Разделы
1789-1791 Дипломатическая работа в Речи Посполитой
1790
Деятельность Огинского в Гааге – сбор информации и участие в обсуждении политических событий в Нидерландах, Франции и других европейских странах. Налаживание экономических связей, ведение переговоров о выдаче займа Речи Посполитой.
Михал Клеофас Огинский
«О Польше и поляках с 1788 года до конца 1815 года», том 1
«…Польша уже два десятка лет привлекала к себе внимание всей Европы. Твердая решимость представителей этой нации, выдающиеся таланты в области законодательства, политики и дипломатии, которые проявились вдруг самым неожиданным и энергичным образом, в сочетании с красноречием многих членов сейма; разумные меры, употребляемые для того, чтобы выйти из-под действия соглашений о разделе 1775 года и создать значительную армию; высказывания самого короля в пользу новой системы и всеобщий энтузиазм, царивший в стране, – все это делало Польшу самым интересным объектом на политическом горизонте Европы.
Прусский король спешил заручиться ее дружбой и желал заключить с ней альянс. Англия и Голландия могли надеяться, в связи с изменением политической системы в Польше, иметь гораздо большие выгоды от торговли с этой богатой, плодородной страной, которая, конкурируя с Россией, производила зерно разных сортов, лен, коноплю, строительную древесину, кожу и другое сырье и, со своей стороны, имела нужду в продукции, производимой иностранными фабриками и мануфактурами.
Швеция и Турция с удовлетворением наблюдали за стараниями Польши уйти из-под зависимости от России и за ее готовностью действовать вместе с ними против общего врага.
Французское правительство также высказалось очень дружелюбно…».

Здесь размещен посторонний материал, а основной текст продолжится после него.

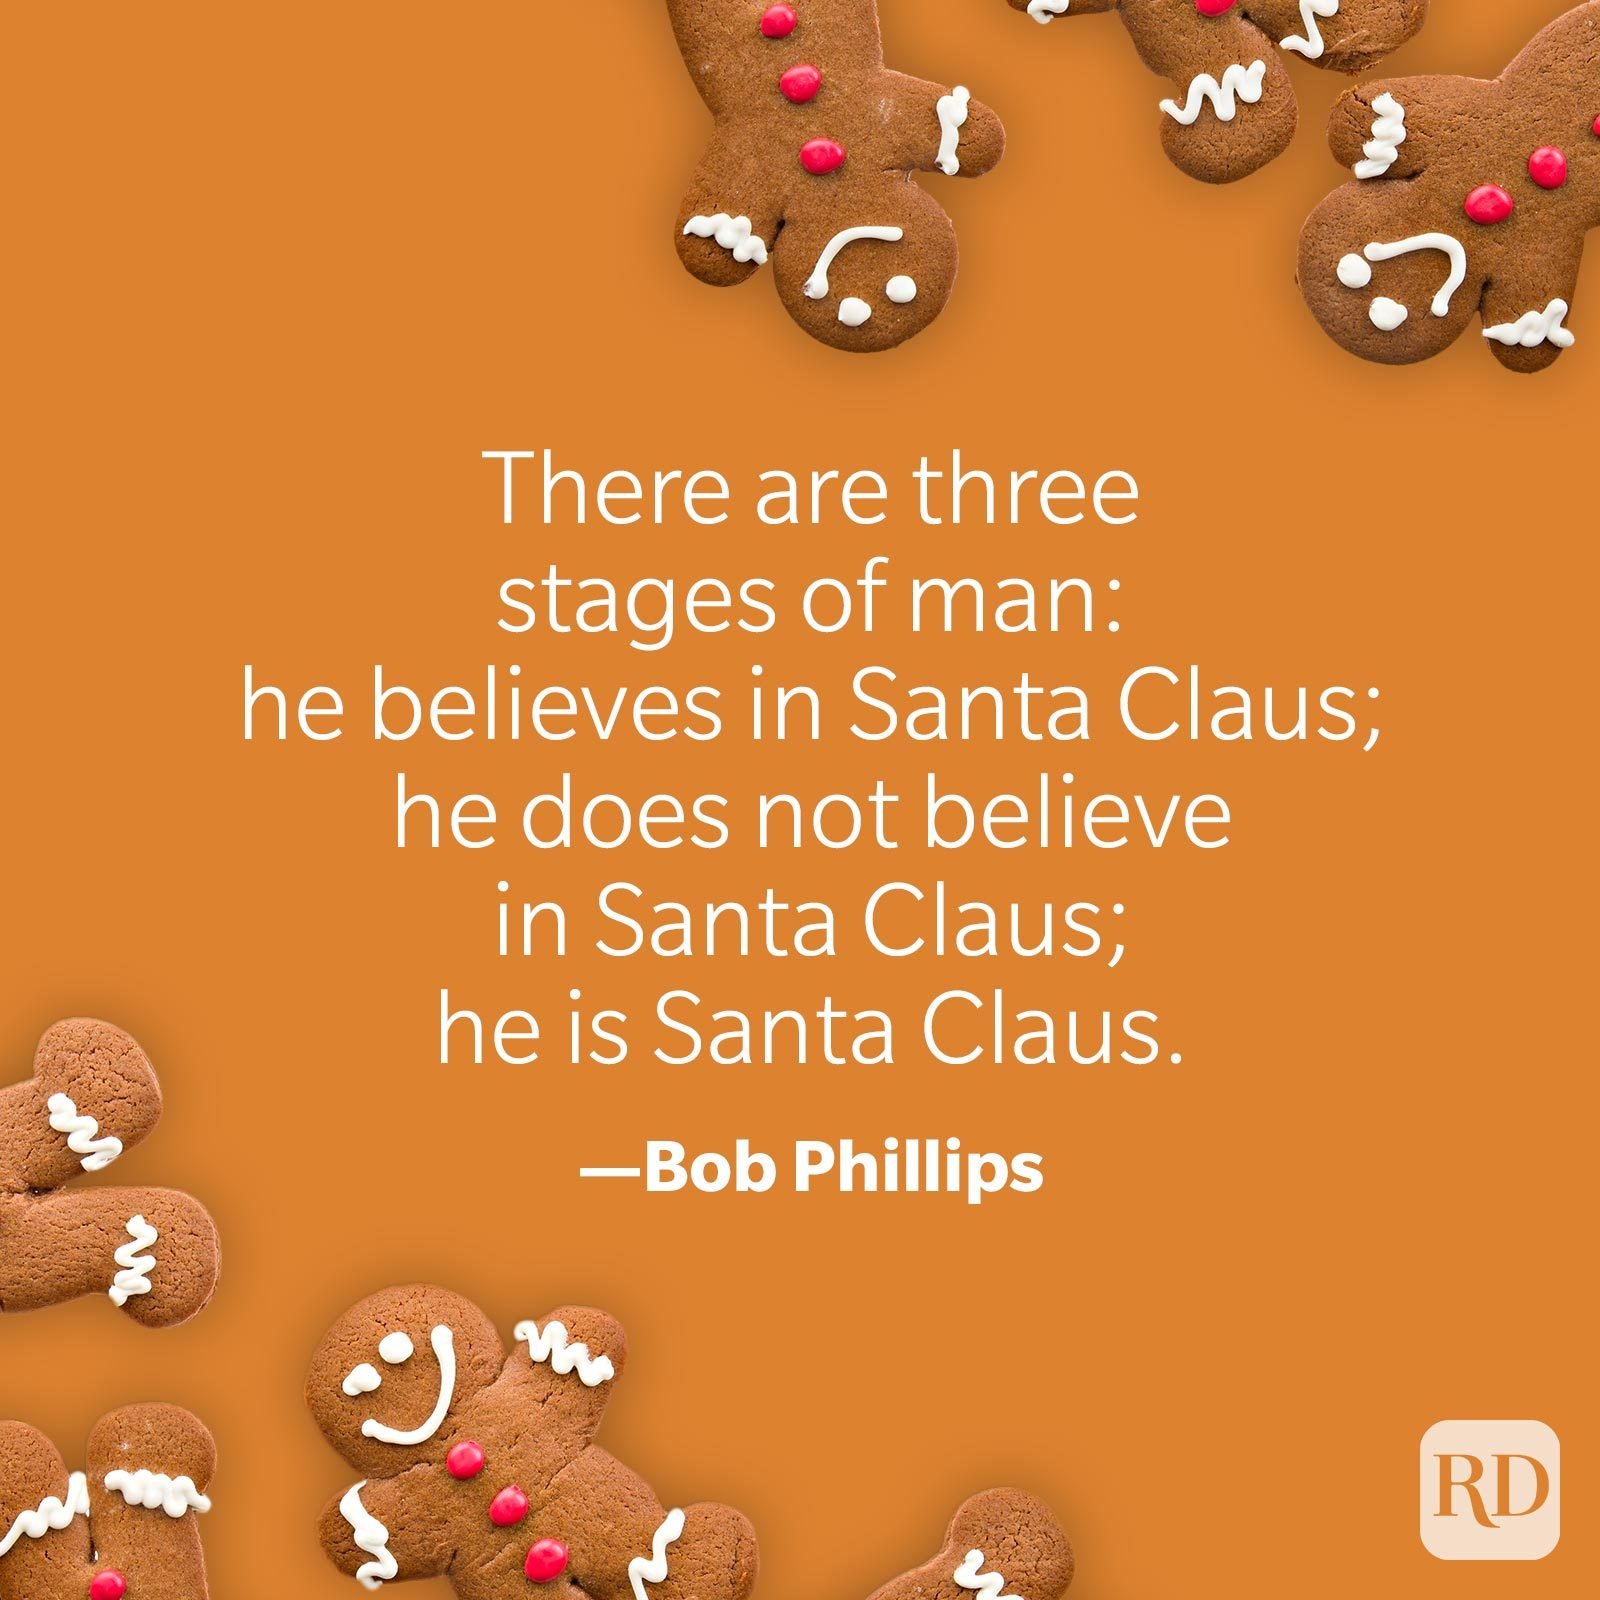 55 Funny Christmas Quotes to Share [2022]  Reader's Digest

«Вскоре я получил доказательство того доверия, которое испытывали голландцы к решениям нашего сейма. Мне были поручены переговоры о даче займа Речи Посполитой. Многие банкиры в Амстердаме вызвались тут же решить положительно этот вопрос, и все переговоры были завершены в двадцать четыре часа. В это же самое время здесь велись переговоры о займе для России. Я же несколько опередил их и настаивал на скорейшей отправке средств в казну Польши, не имея при этом никаких других соображений, кроме выполнения распоряжений из Варшавы».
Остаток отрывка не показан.